Call: Refugee resettlement is by executive order–how many refugees we admit is all up to the President. Still, Congress makes decisions that affect American policy in Syria, and which shape the conversation about refugees in specific ways. Call your representatives, here’s a tool to find them, and tell them that you support refugee resettlement, that it’s a time-honored tradition that represents the very best of the American spirit. Then underscore your support for Syrian refugees and urge your representative to support humanitarian aid to Syria.
You should also call your state representative and governor’s office and voice your support for refugee communities close to you. Open: States is a good tool to find your representatives on the state level, and to keep track of local legislation. There are 88 refugee resettlement centers around the U.S.–this is a public private partnership that depends on local non-profits and faith-based organizations to function. They need local support.
Contribute: If you want to help relieve suffering on the ground in Syria the single best way is probably a donation to Doctors Without Borders. The International Rescue Committee is also a solid bet. You can also contribute to refugee resettlement centers in the U.S. if that’s where you want to focus your efforts–here’s how to find an agency close to you.
Volunteer: Cagle said that agencies that help refugees are always looking for volunteers for everything from donation drives, to English language assistance, to professional services like legal advice. Again, those specific opportunities are best navigated through local agencies. Many refugees are sponsored by church groups, so if that appeals to you, joining a congregation dedicated to this work offers a chance for deeper connections. And no, faith-based groups do not exclusively support refugees of the same religion.
If you are a business owner: Think about hiring refugees–a local resettlement organization can help match you with employees if you decide to take this step. Take inspiration from the founder of Chobani, Hamdi Ulukaya, who has become a target of white nationalist groups and publications like Breitbart, for hiring refugees to make yogurt in upstate New York and Idaho. You could also put a Refugees Welcome sticker in your window.
Resource: Welcoming Refugees is an organization that provides support and tools for groups working with refugees.
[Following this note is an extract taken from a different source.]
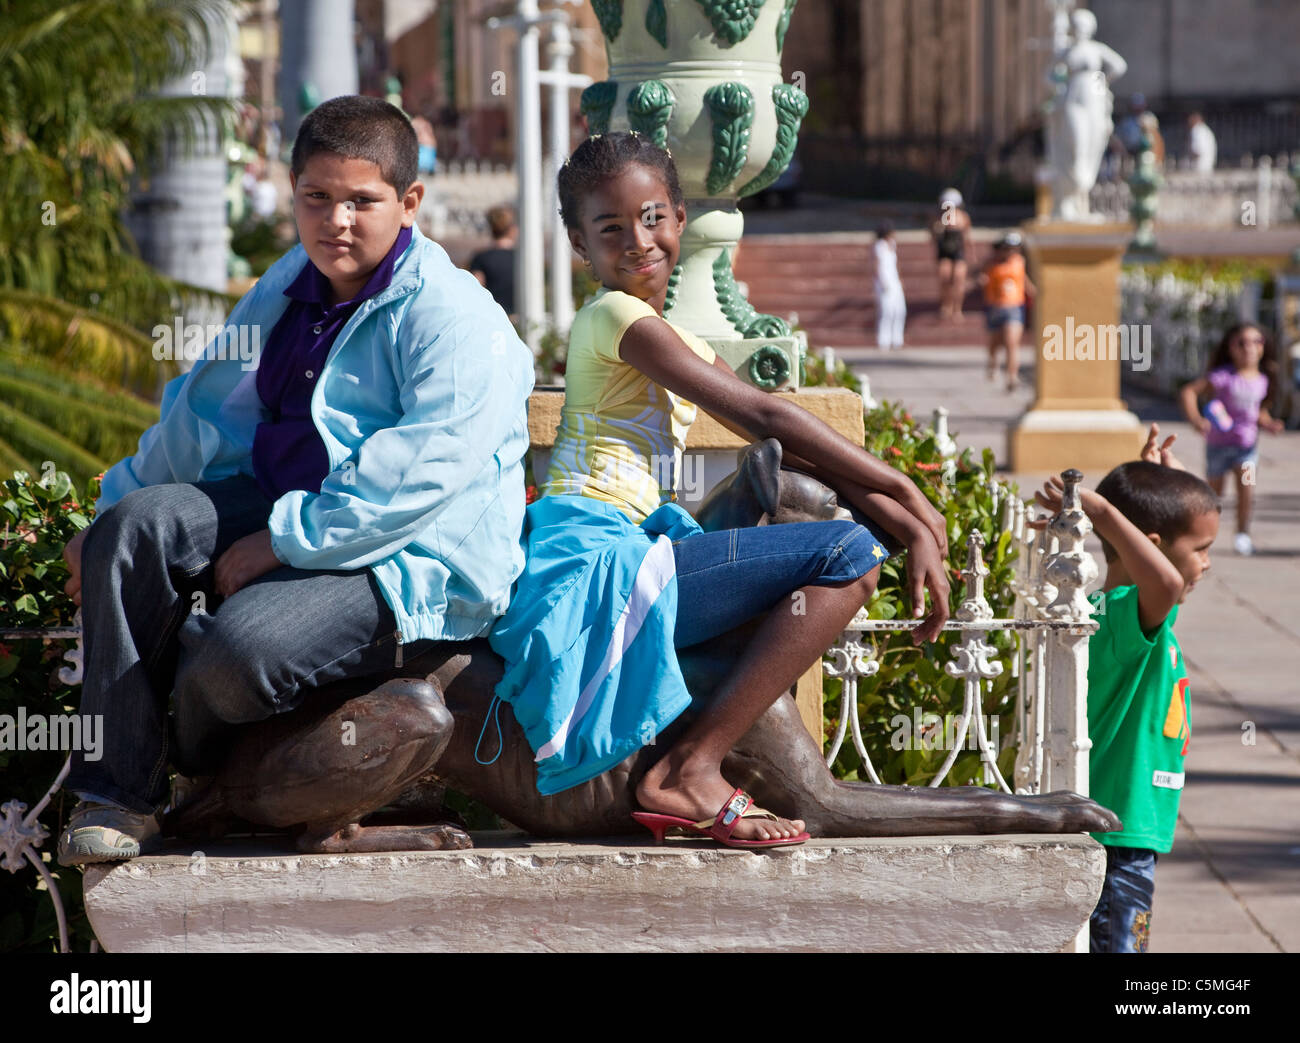 Cuba Trinidad. Un ragazzo e una ragazza in Plaza Mayor. Foto Stock

Their website offers research, best practices and other information.
• This New Yorker article about the Syrian regime’s effort to eradicate doctors and hospitals is very difficult to read. The depth of the suffering, by families and especially children, on the ground in Syria cannot be overstated.
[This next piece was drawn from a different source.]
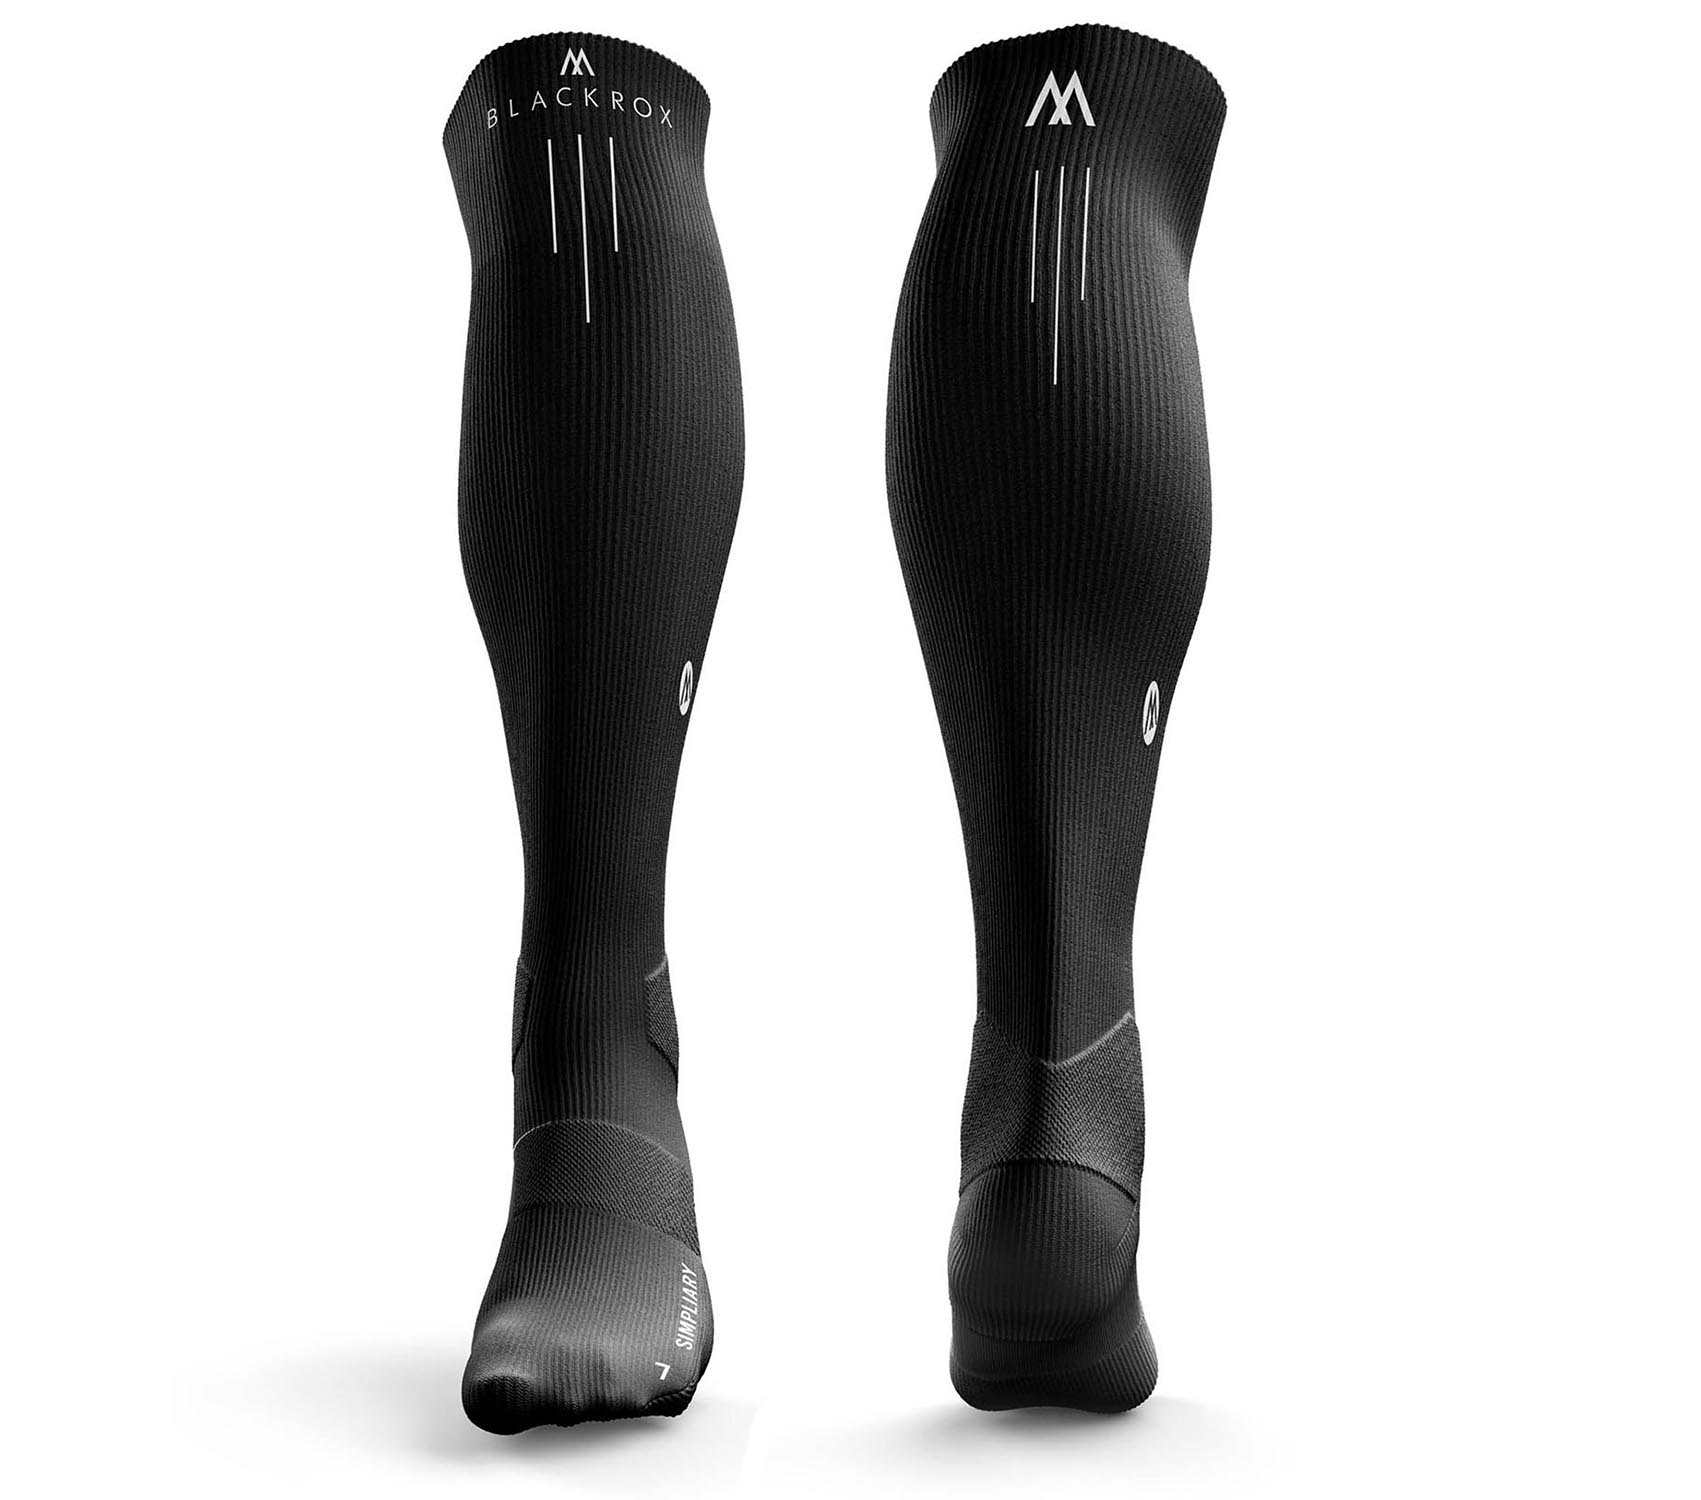 Kompressziós sportzokni BLACKROX “SIMPLIARY” kompressziós zokni

• Canada has become a world leader in welcoming refugees in a way that strengthens and challenges entire communities.
• The massive, U.N.-led evacuation of Aleppo is ongoing.
• I mentioned this in the Action Trumps Hate reading list for this week, but it’s worth restating that Aljazeera published an excellent outline of the Syrian civil war and why it has become the bloodiest conflict of the 21st century.
• This 10-point fact sheet from the Migration Policy Institute has detailed information on resettlement, the number refugees in the U.S. over time and where they come from, and the way the program is funded and administered.